How do I know what is actually in the product I am buying?
That can be a challenge. No pharmaceutical-grade medical marijuana is available in Colorado. No FDA testing or oversight is required; the FDA has issued warning letters to some producers (not in Colorado) after testing their products and finding that they did not contain the CBD claimed on the label. Beginning later in 2016, Colorado will require testing of medical marijuana products for THC, but not for CBD. The Stanley- and Cranford-led operations have used both in-house and third-party testing processes in an attempt to ensure that Charlotte’s Web and Haleigh’s Hope have consistent chemical content. Other growers and dispensaries may also claim to offer forms of marijuana that are high in CBD and low in THC, but parents cannot arrange for their own lab testing in Colorado, because marijuana testing labs are not permitted to test samples from private citizens. Families considering the use of cannabis-related products should make sure that they are comfortable with the process by which the product’s quality and consistency are achieved. Dr. Gedde encourages asking for lab reports showing the product’s composition. She indicated confidence in the consistency of both Charlotte’s Web and Haleigh’s Hope.
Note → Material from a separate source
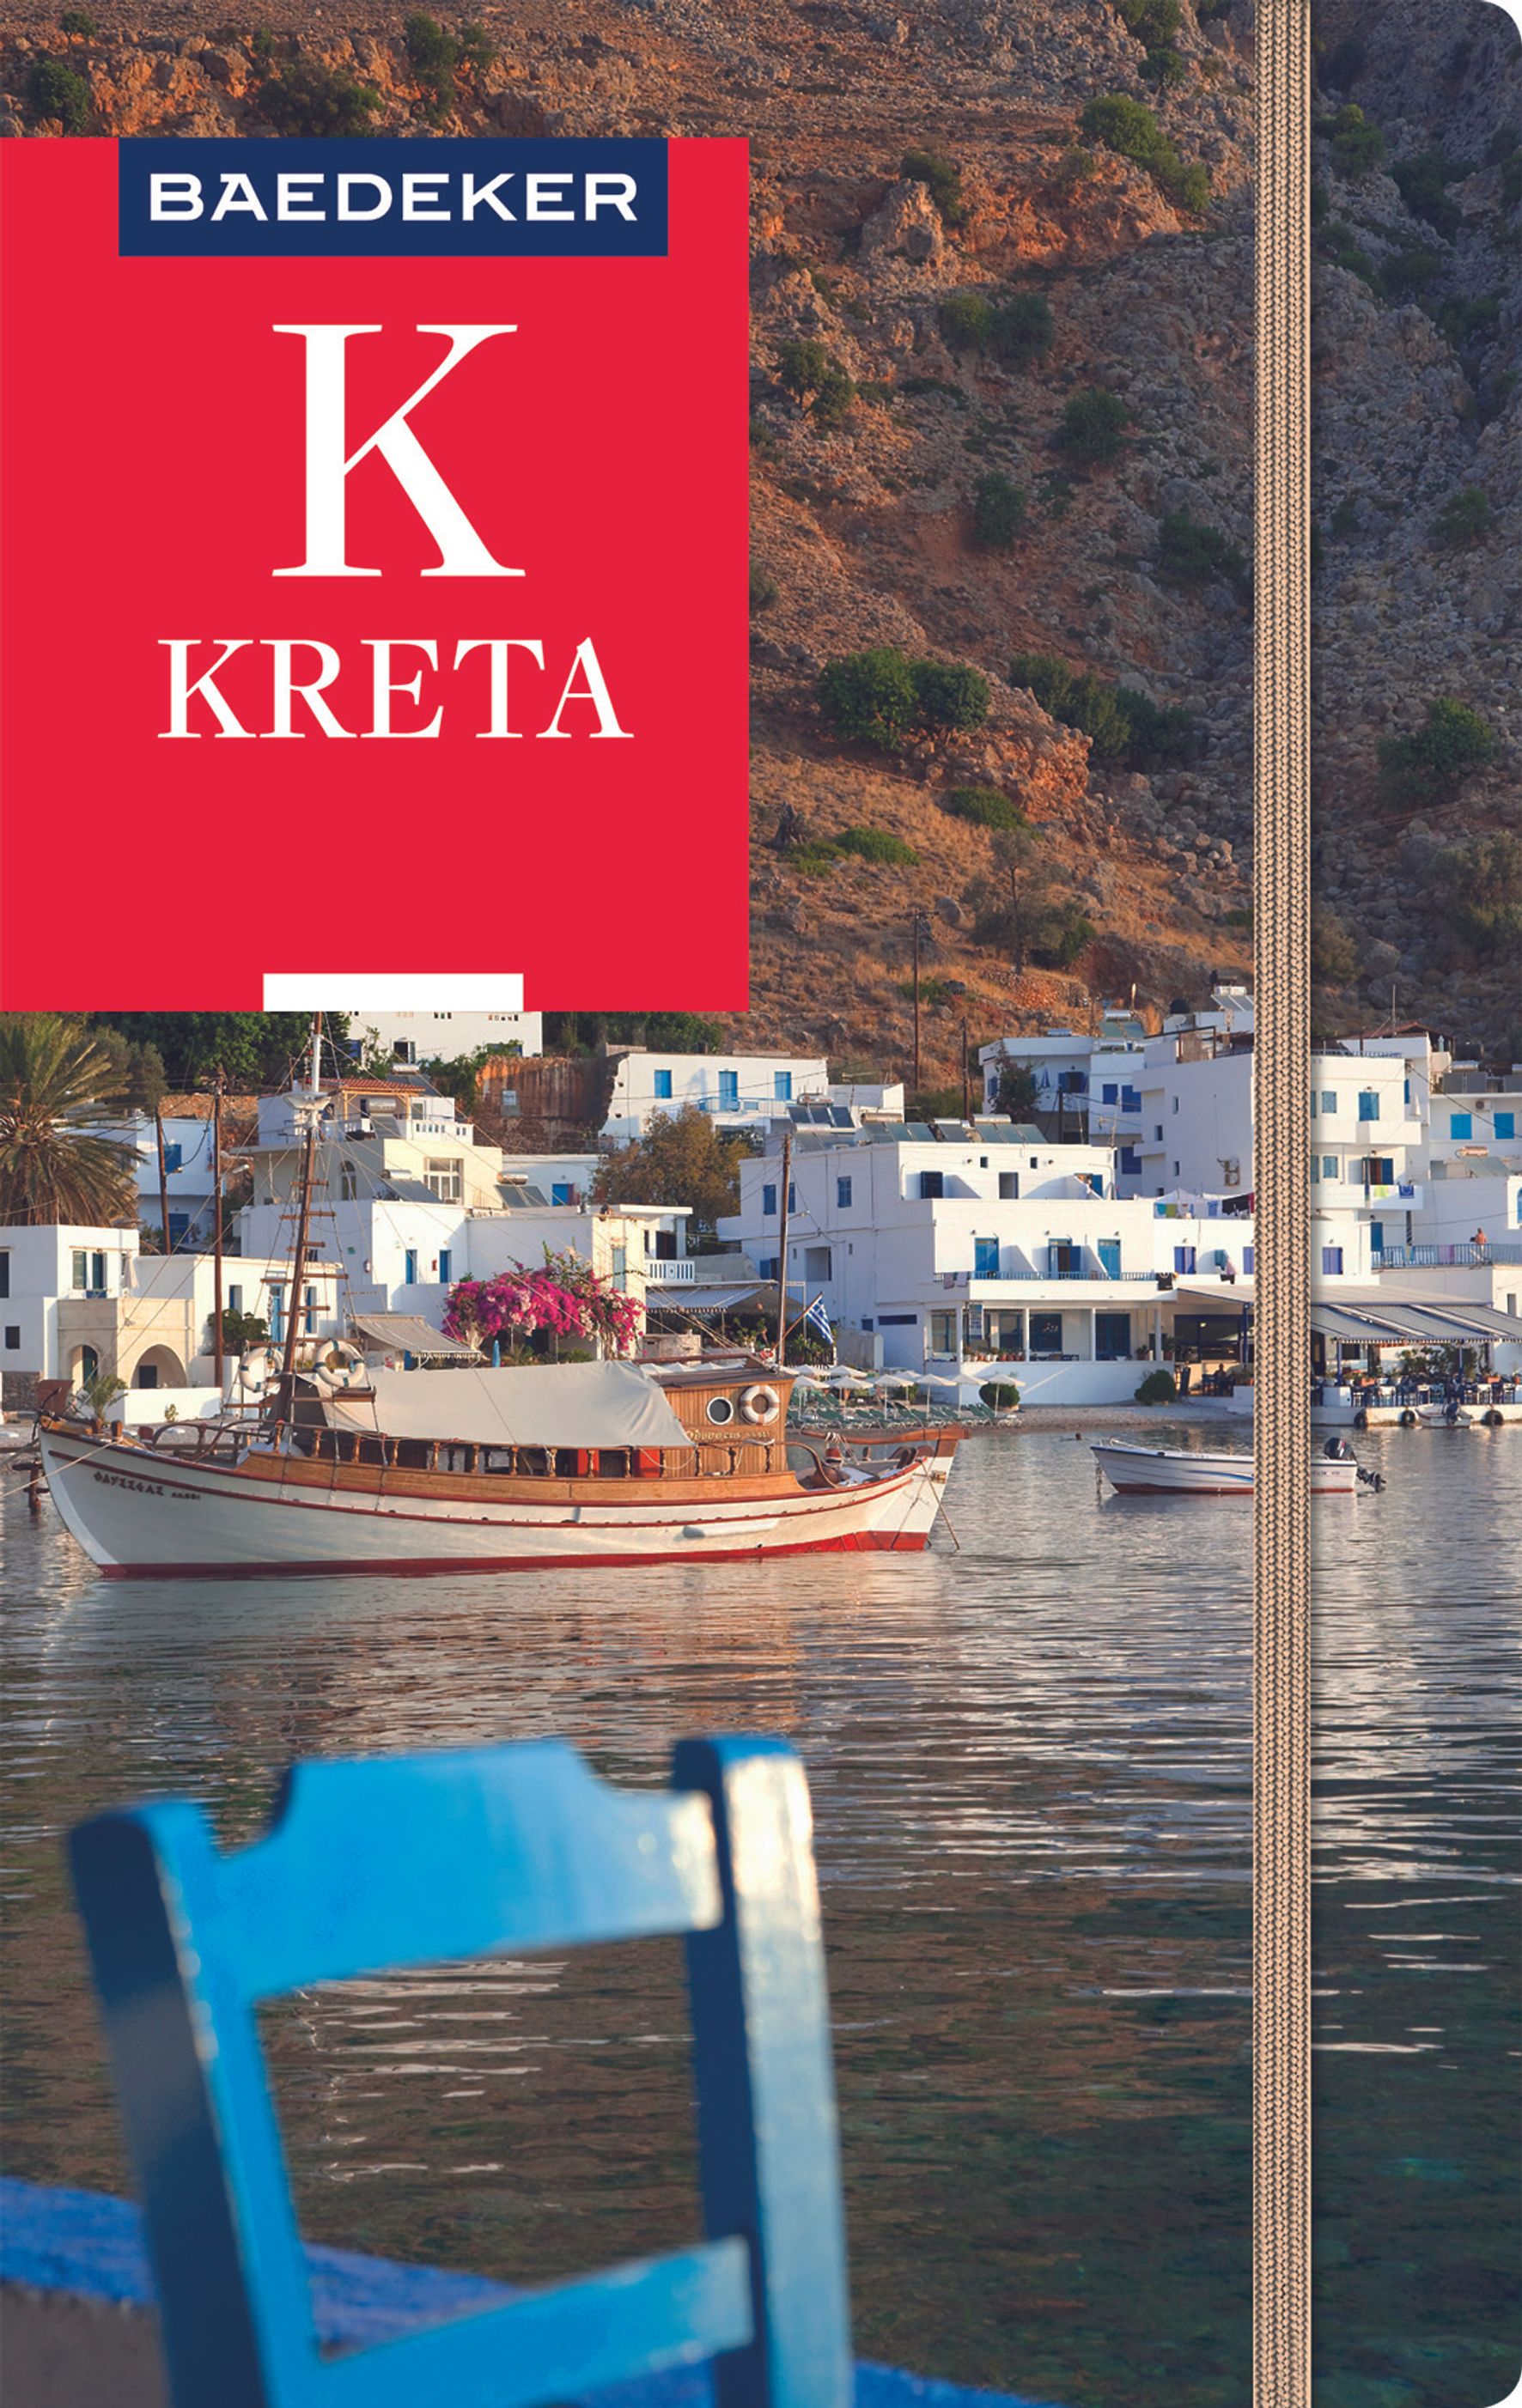 Baedeker Kreta (eBook)

Does medical insurance cover CBD-based products as a treatment for children with epilepsy?
Not yet. As a result, families can expect to pay for it themselves. As of 2014, the cost of Charlotte’s Web ranged from $100 to $600 per month, depending on dosage level and patient weight. Many Charlotte’s Web patients receive financial assistance from the Realm of Caring Foundation (firstname.lastname@example.org or 719-347-5400), which is related to the Stanleys’ organization. Haleigh’s Hope is priced at 9 cents per milligram; according to Cranford, the average patient dose costs $150 per month (contact information: www.floweringhope.co or 719-368-7963).
If the efficacy of Epidiolex or other cannabis-related products could be documented through clinical trials, they might become eligible for insurance coverage in the future. Although the Drug Enforcement Administration currently classifies marijuana as a Schedule I controlled substance (which means that it has no currently accepted medical use in the United States), Marinol, a drug prescribed for side effects of chemotherapy that contains THC, is classified separately as Schedule III. GW Pharmaceuticals hopes that Epidiolex would be similarly reclassified if the FDA approves its use following clinical trials.